For a function to be always increasing, the first derivative has to be always positive. So,

f1(x)=3ax^2+2bx+c>0

I tried finding the roots, that didn't lead me anywhere. Could someone please help?

I know that for a 3rd degree polynomial to be always increasing, it has to be a perfect cube. like (ex-f)^3, then you can expand that to be (ex)^3 -3f(ex)^2+3exf^2+f^3. Then since this will have to be the formula for f(x). So a=e^3, b=-3fe^2, c=3ef^2, d=f^3, but i don't know what to do from here. Please help!!!

2. Oct 17, 2008

Staff: Mentor

Re: General 3rd degree polynomial always increasing problem? Please Help!!!
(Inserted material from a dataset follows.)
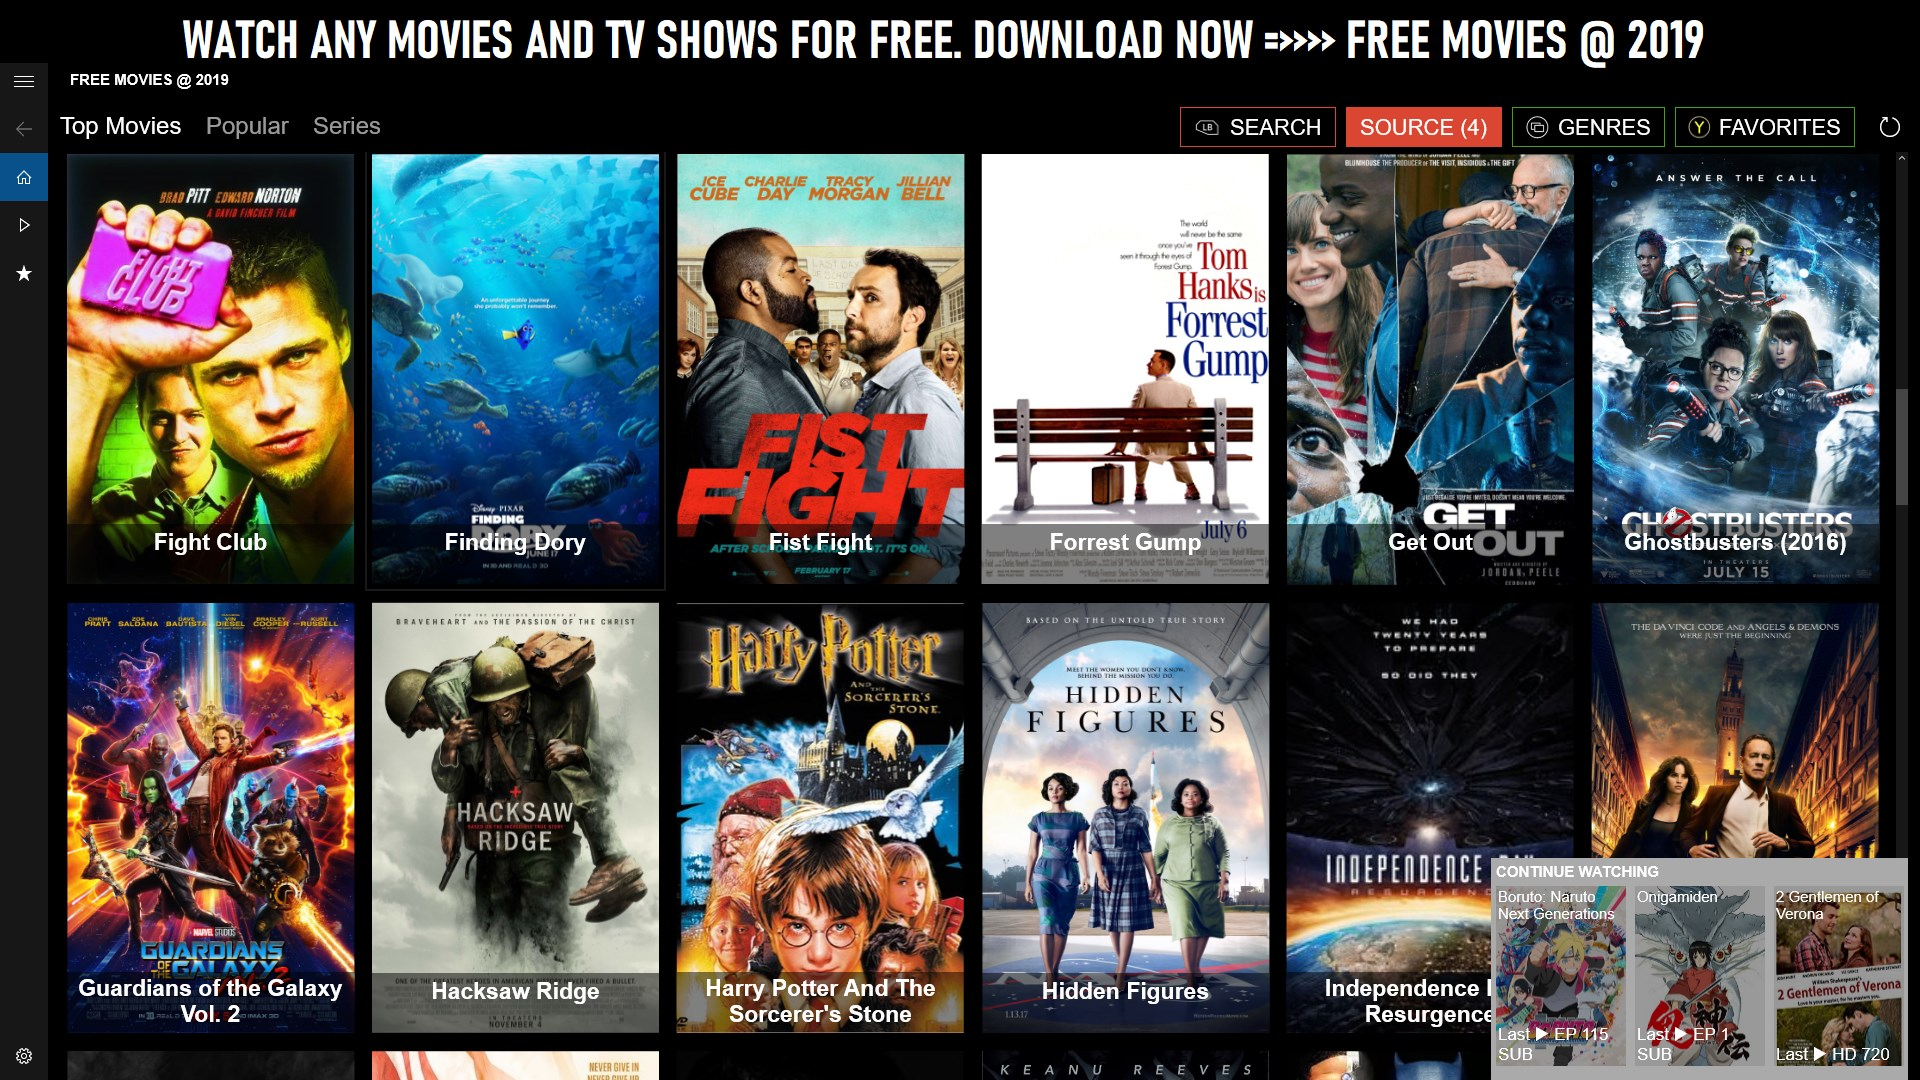 images?q=tbn:ANd9GcQh_l3eQ5xwiPy07kGEXjmjgmBKBRB7H2mRxCGhv1tFWg5c_mWT Trends For Movies 2019 @koolgadgetz.com.info

I think I finally figured out what you meant by (ex-f)^3. It would have been easier to grasp if you had written (Ax - B)^3, since e and f already have other meanings -- the natural number e, and f as in f(x).

Some things to think about.
a should be positive.
There should be exactly 1 real root. (If there were 3 roots, the graph would have something of an S shape. If there were 2 roots, one root would be repeated, and the graph would drop down and touch the x axis rather than cross it.)
See if you can make up equations for 3rd degree polynomials with 1 root, 2 roots, 3 roots.
f'(x) should be >= 0 for all x.

What about f''(x)? Can f''(x) change sign? If so, the concavity is changing. If so, how many times can the concavity change sign?

3. Oct 17, 2008

HallsofIvy

Re: General 3rd degree polynomial always increasing problem? Please Help!!!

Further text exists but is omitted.